Listen With Your Heart, To Your Heart : Heart Disease Awareness Month

It’s no secret (or surprise) that February is Heart Disease Awareness Month.

What better month to talk about hearts than the month that holds Valentine’s Day – right?

Listen With Your Heart, To Your Heart : Heart Disease Awareness MonthIn 1964, February was named American Heart Month by President Lyndon B. Johnson along with the American Heart Association to bring awareness to all forms of heart disease and defects. Other than heart disease, Congenital Heart Defect Week is part of Heart Month. This takes places February 7th-14th.

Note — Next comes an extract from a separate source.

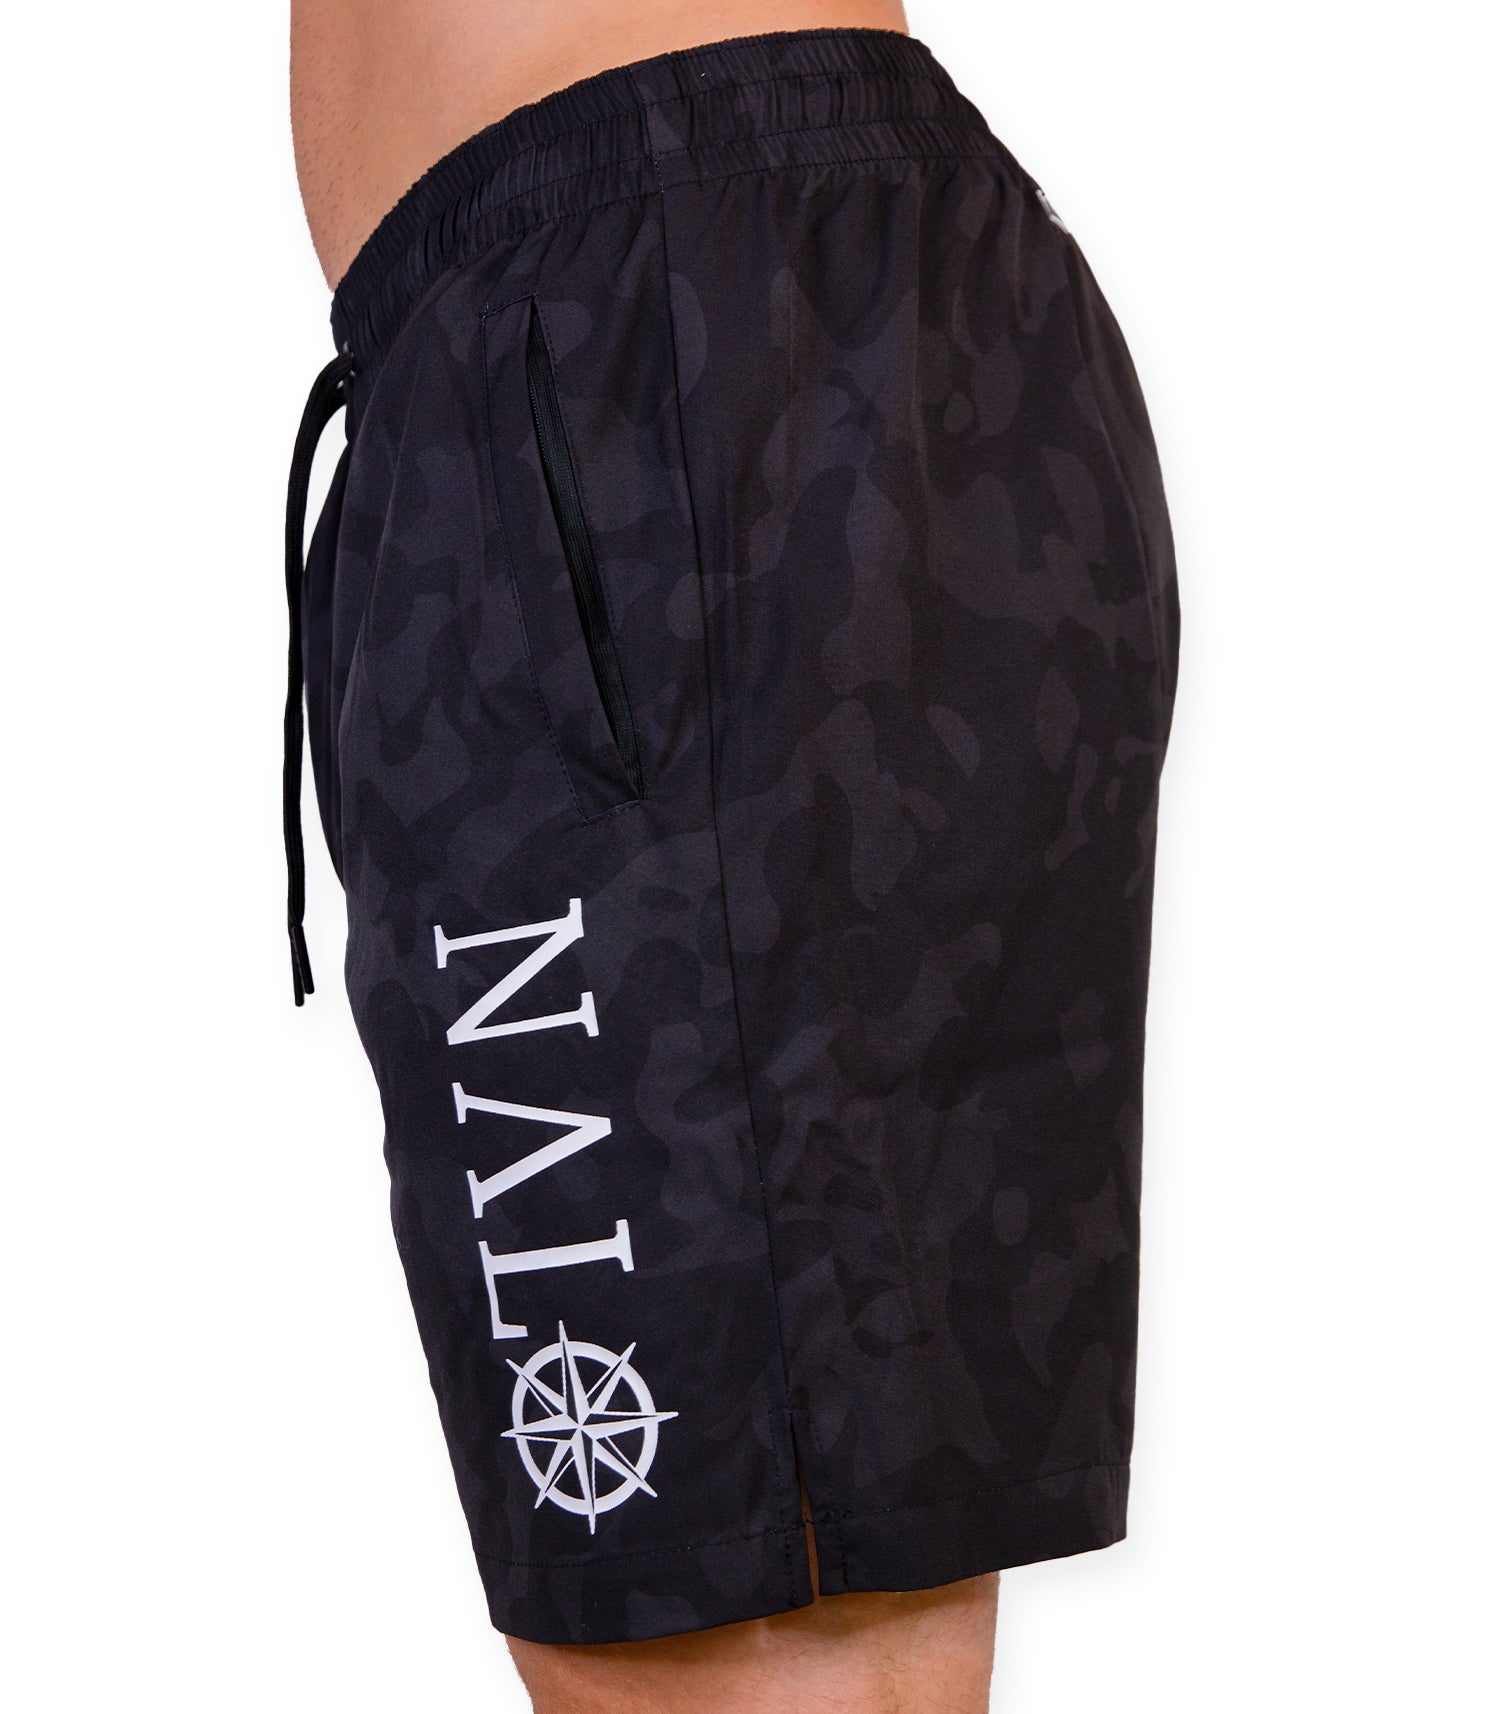 Nalo 7inch Board Shorts
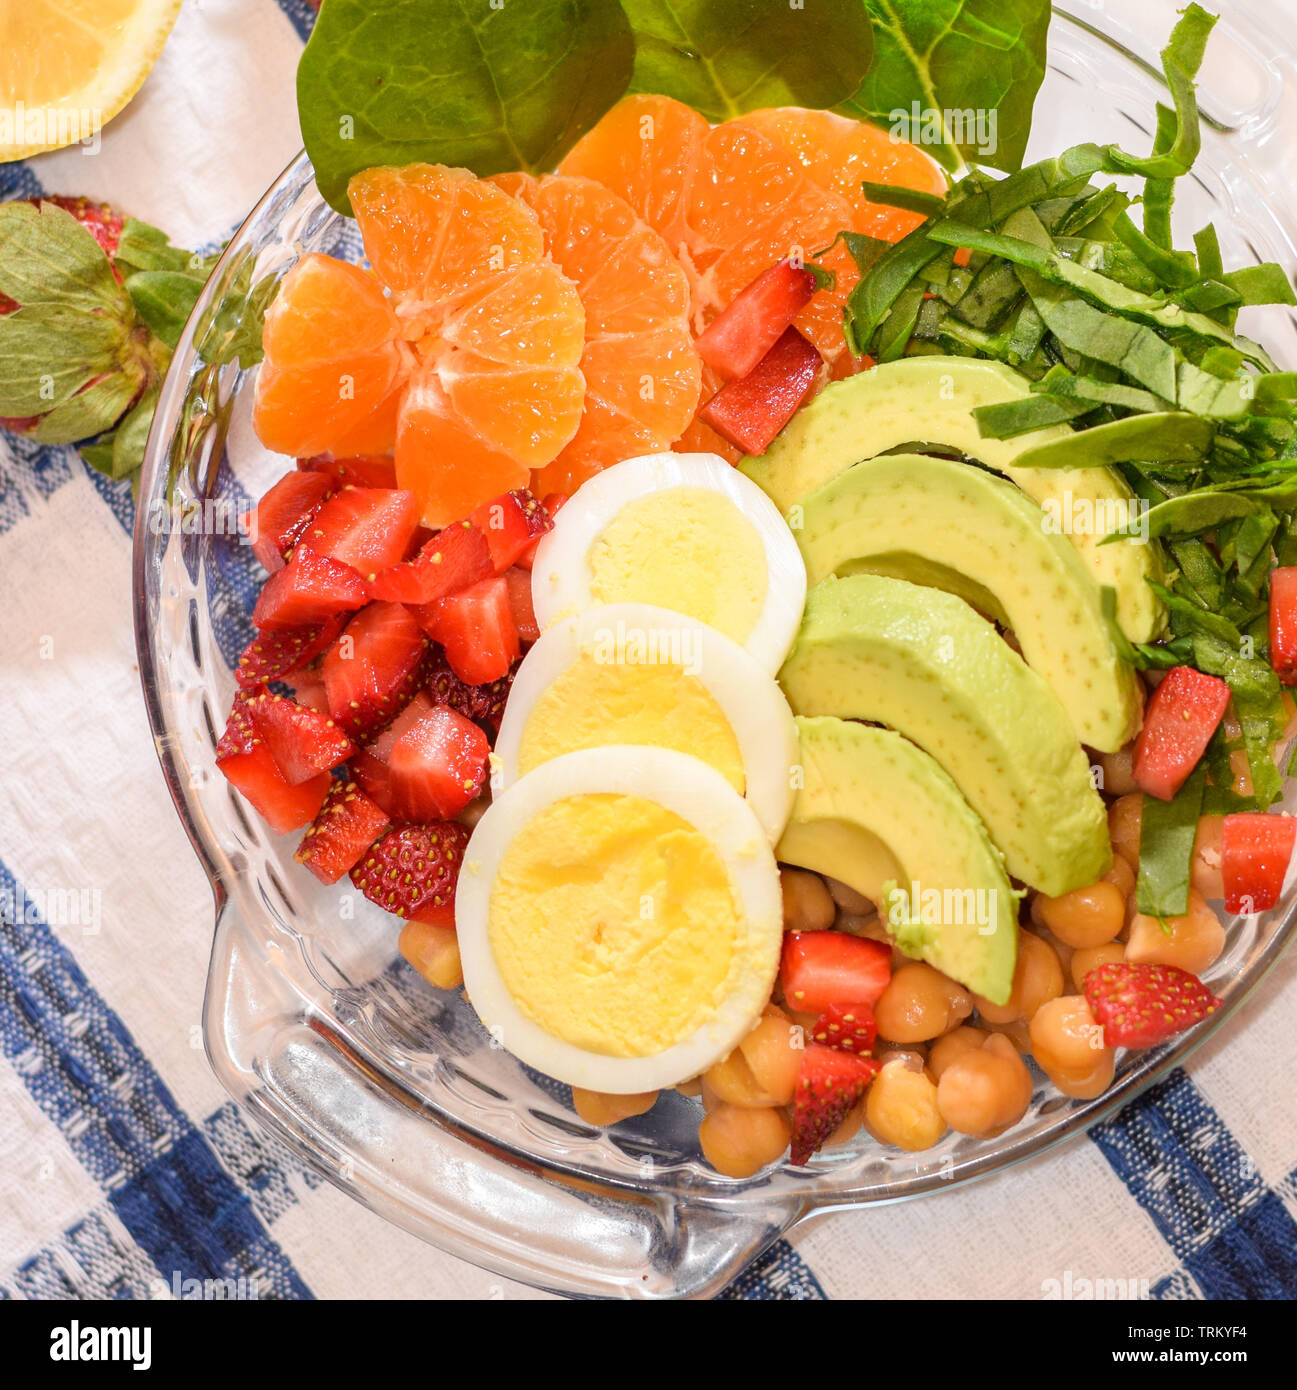 Ensalada de frutas y verduras frescas con huevos y aguacates en un tazón de vidrio, desayuno saludable, vista superior Foto de stock

Let’s talk about heart disease and why awareness is so important!

What is heart disease?

Heart disease is defined by the American Heart Association and Center for Disease Control as several types of heart conditions -with the most common being coronary artery disease. Other types include heart attack, arrhythmia, and congestive heart failure. Often it is not diagnosed till a person experiences symptoms of a heart problem. Therefore heart disease is often referred to ask the “silent killer”.

Why is Heart Disease Awareness Month so important?

For many years, heart disease was the leading cause of death in women in the United States – with 301,280 lives or 1 in 5 female deaths being related to heart disease. This beats out cancer, car accidents, dementia, and Alzheimer’s. Nearly 1 in 100 babies are born with a heart defect of some kind. Some can be treated easily and some cannot. While heart disease is not preventable, knowing the warning signs or knowing your family history can start your fight back before it even begins.

How can I raise awareness? How can I help?

There are many ways anyone can support heart families or raise awareness for heart disease. More support means more awareness. The more awareness gained, the more funds for research are raised. This all adds up to new heart families being as prepared as they can be should someone in their family develop one or gain a family member who already has one. Ongoing research includes finding new medications that eliminate the causes of heart disease.

National Wear Red Day is Friday, February 4th   

This day takes place on the first Friday of February.  While it may seem like wearing red is not a big deal or won’t do much for research, it shows support! When a family is struggling with a new diagnosis and may not be ready to reach out, wearing red tells them “Hey! I support you!”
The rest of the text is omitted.